Page MenuHomePhabricator

Please use GitHub pull requests for new patches. Phabricator shutdown timeline

[PowerPC] Prevent the optimizer from producing wide vector types in IR.

Authored by amyk on Nov 15 2021, 7:34 AM.



This patch prevents the optimizer from producing wide vectors in the IR, specifically the
MMA types (v256i1, v512i1). The idea is that on Power, we only want to be producing
these types only if the vector_pair and vector_quad types are used specifically.
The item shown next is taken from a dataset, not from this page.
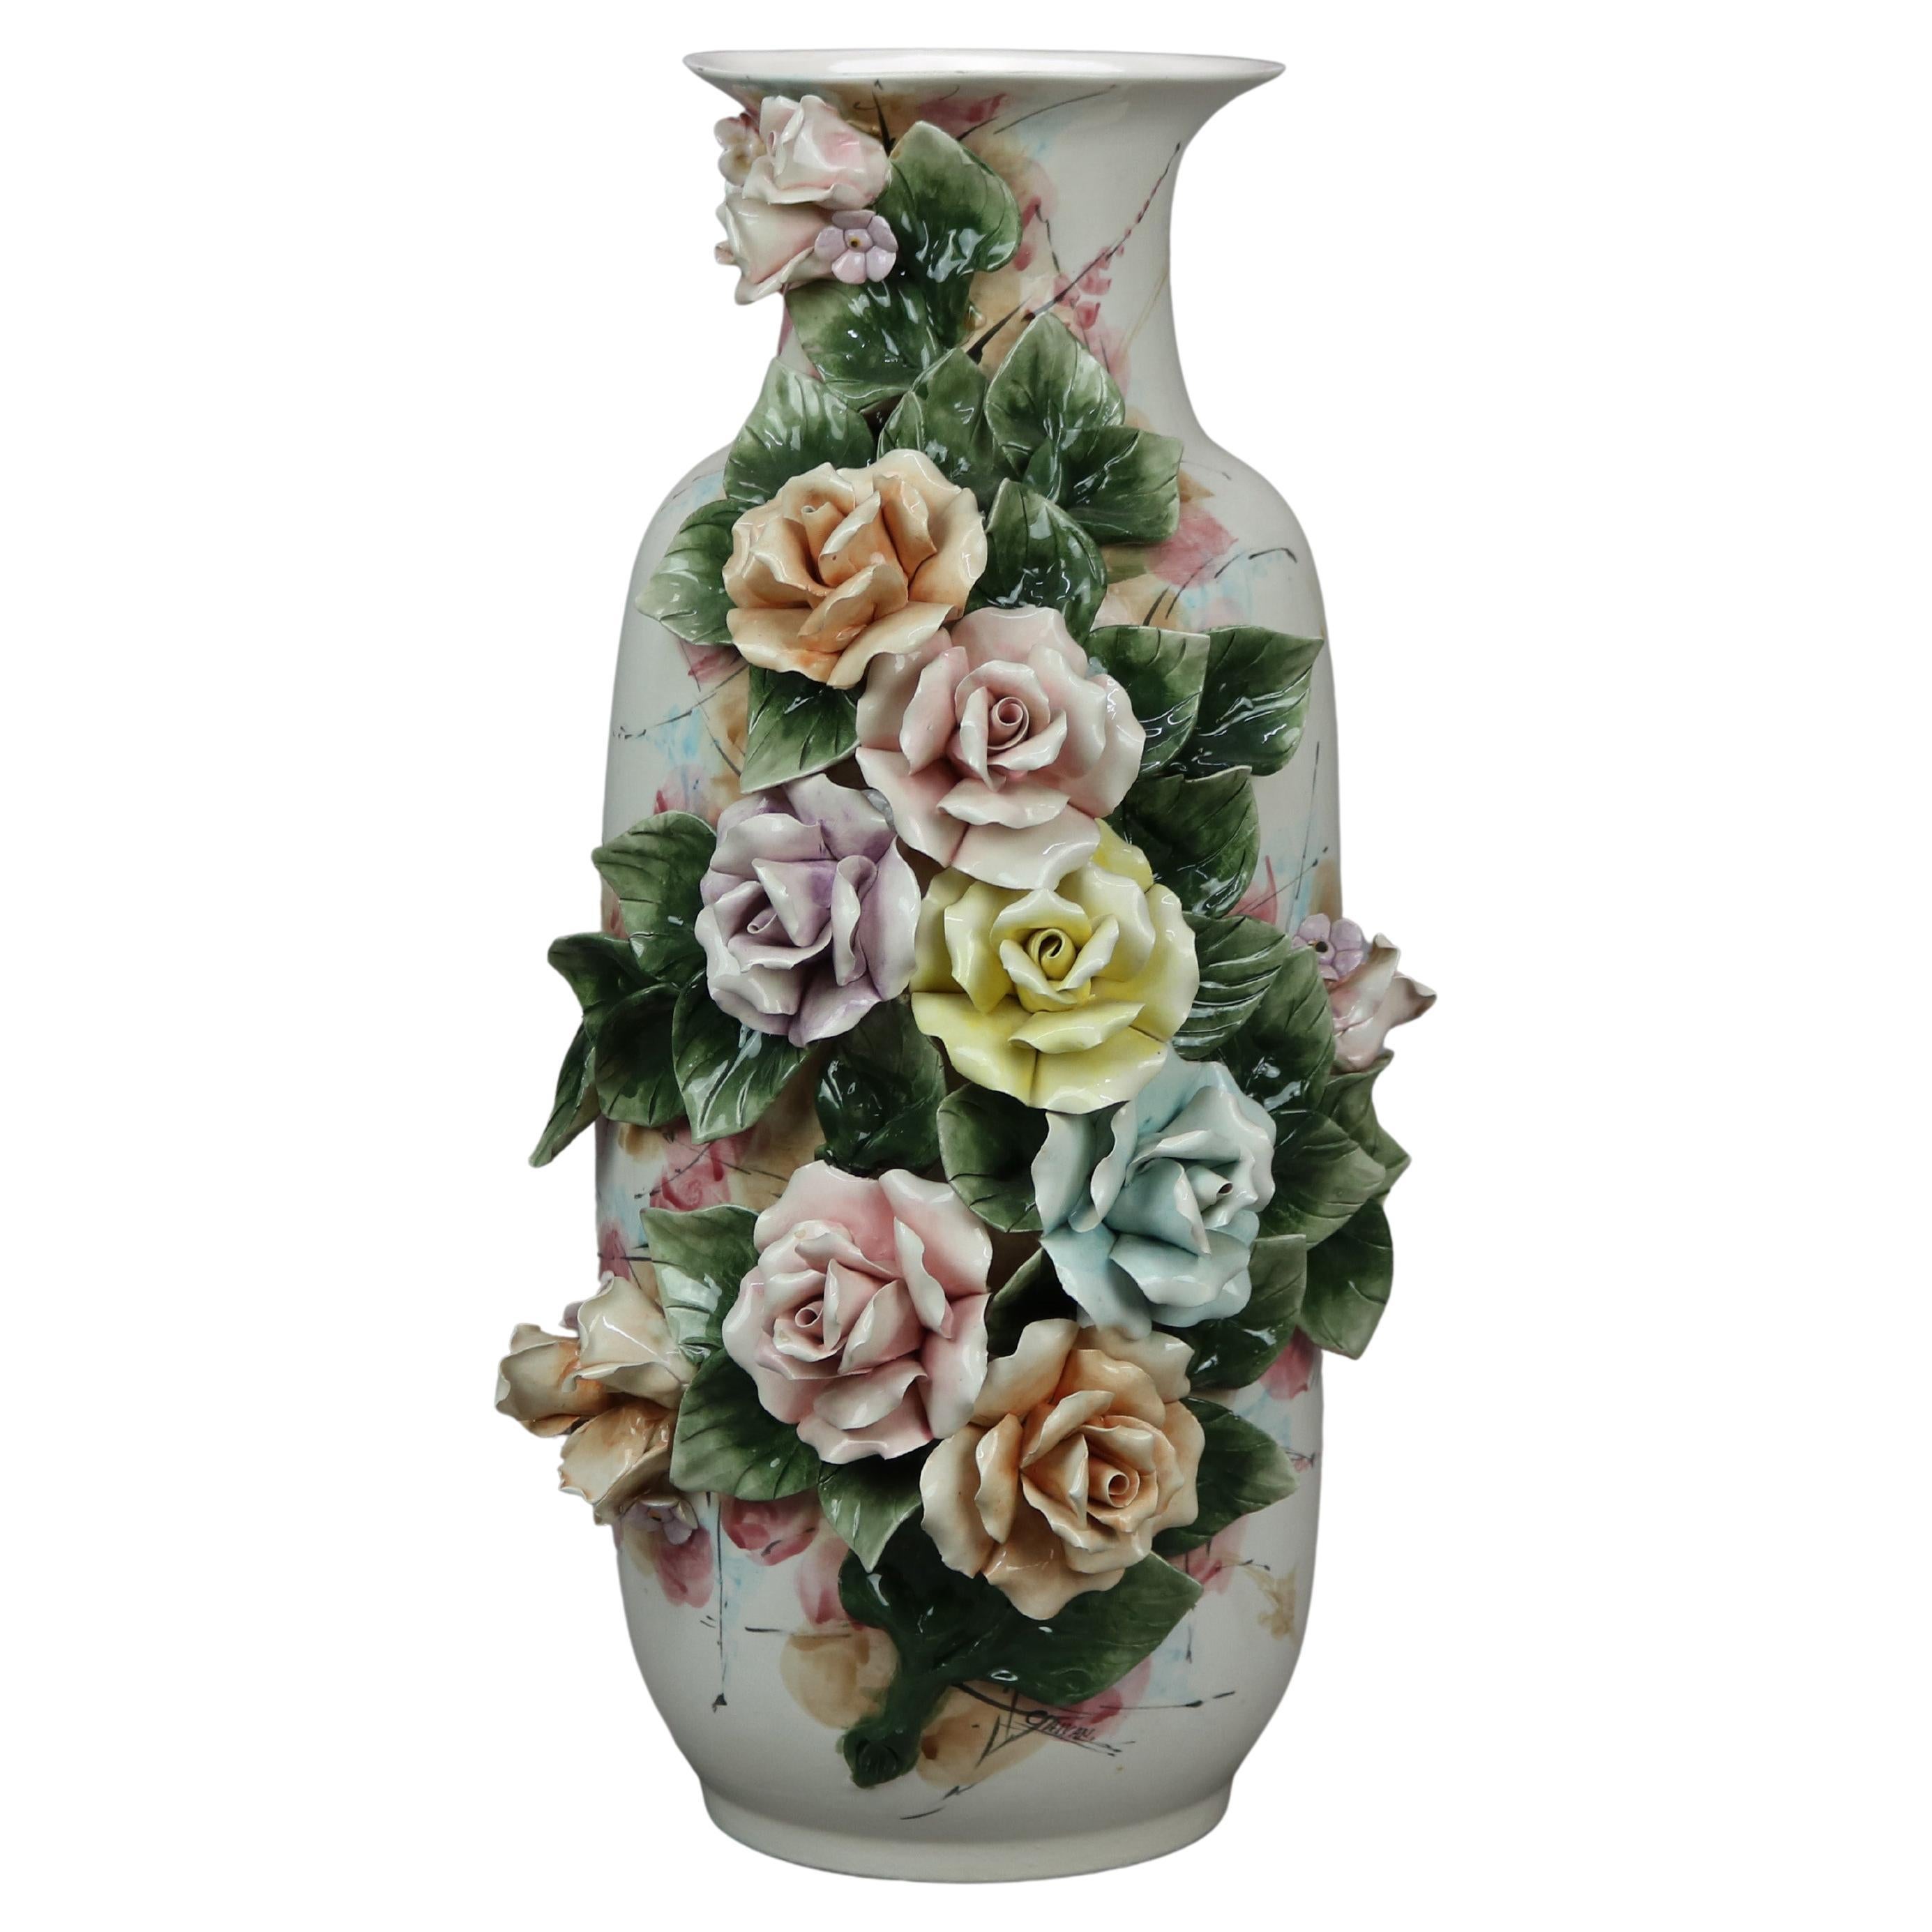 Antique Italian Capodimonte Pottery Floor Vase with Applied Flowers, c1900

To prevent the optimizer from producing these types in the IR, vectorCostAdjustmentFactor()
is updated to return an instruction cost factor or an invalid instruction cost if the current type is
that of an MMA type. An invalid instruction cost returned by this function signifies to other
cost computing functions to return the maximum instruction cost to inform the optimizer that
producing these types within the IR is expensive, and should not be produced in the first place.

This issue was first seen in the test case included within this patch.

Diff Detail

Event Timeline

amyk created this revision.Nov 15 2021, 7:34 AM
amyk requested review of this revision.Nov 15 2021, 7:34 AM
nemanjai added inline comments.Nov 15 2021, 9:24 AM

Can you please explain why we don't want to do this check in the above condition?


If we are exiting early, might as well do it before we do the ISD/Cost computations above.

lei added a comment.Nov 16 2021, 12:17 PM

Instead of adding:

if (isMMAType(Src))
    return InstructionCost::getMax();

to all the different cost calculating functions, is it possible to just add them the underlying functions?

For example I see this check was added multiple functions that also calls vectorCostAdjustment() or getMemoryOpCost().
I haven't tried this so not sure if it will work, but was thinking it would make sense to at least add this to vectorCostAdjustment()
since it's a vector type.

amyk updated this revision to Diff 388704.Nov 20 2021, 8:34 AM

Discussed on refactoring this approach with Nemanja and Lei outside of this review.
The suggestion was to instead, transform the vectorCostAdjustment() function to return a cost adjustment
factor to be multiplied by rather than the newly computed cost.

This enables us to place code to check for the MMA types within vectorCostAdjustment() and call the function
first in all of the instruction cost functions, while allowing us to exit early if we happen to find an MMA type.
Moreover, since many functions rely on vectorCostAdjustment() for cost computation anyway, it reduces the
chances of missing the opportunity to return the maximum instruction cost when an MMA type is found.
Essentially, we want to guarantee that every instruction cost function can return a maximum instruction cost for
the MMA types and this change can assist in this goal.

nemanjai accepted this revision.Nov 24 2021, 10:10 AM

LGTM aside from a name and return type change.


This should be returning unsigned. And the name should change to indicate that this is a factor.

This revision is now accepted and ready to land.Nov 24 2021, 10:10 AM
lei accepted this revision.Nov 24 2021, 11:41 AM

LGTM other then the comment about the unecessary code block.


I don't think this is needed....

amyk updated this revision to Diff 389815.Nov 25 2021, 8:51 AM

Update the patch to utilize an invalid InstructionCost, and return InstructionCost in vectorCostAdjustment. This was discussed with Nemanja and Lei outside of the Phabricator review.

nemanjai accepted this revision.Nov 25 2021, 8:55 AM

LGTM. Thanks for the update.


This comment is now out of date. Please update it on the commit.

amyk edited the summary of this revision. (Show Details)Nov 25 2021, 9:14 AM
amyk added inline comments.

Thanks Nemanja for the review. I'll update it on the commit.

lkail added a subscriber: lkail.EditedDec 8 2021, 11:03 PM

I happened to read the internal issue this patch trying to resolve, my question may be out of this patch, is LLVM back-end supposed to generate proper code for any legal LLVM IR? As I still see llc failed to compile attached LLVM IR with -mcpu=pwr10, but succeed with -mcpu=pwr9

A fact is that new types will be added to MVT, is back-end for any target responsible to handle all newly added MVTs(setting actions to custom, expand, promote and etc.)?

fhahn added a subscriber: fhahn.Jan 14 2022, 4:05 AM
fhahn added inline comments.

Is there a reason this test checks the full pipeline compare to just the SLP vectorizer pass? The changes look completely unrelated to PGO/profiling.

amyk added inline comments.

Thanks for taking a look at this. I originally found this test case under the full PGO pipeline. Then, I realized the SLP vectorizer was also an important culprit in reproducing the issue, but it appears to be a bit more complex than that. It seems like there are other passes that come into play when trying to reproduce this issue.

I've attempted to find a minimal set of passes and I've posted a patch to hopefully be a bit more specific with the pass pipeline:
I'd appreciate your opinion on the updated pass pipeline.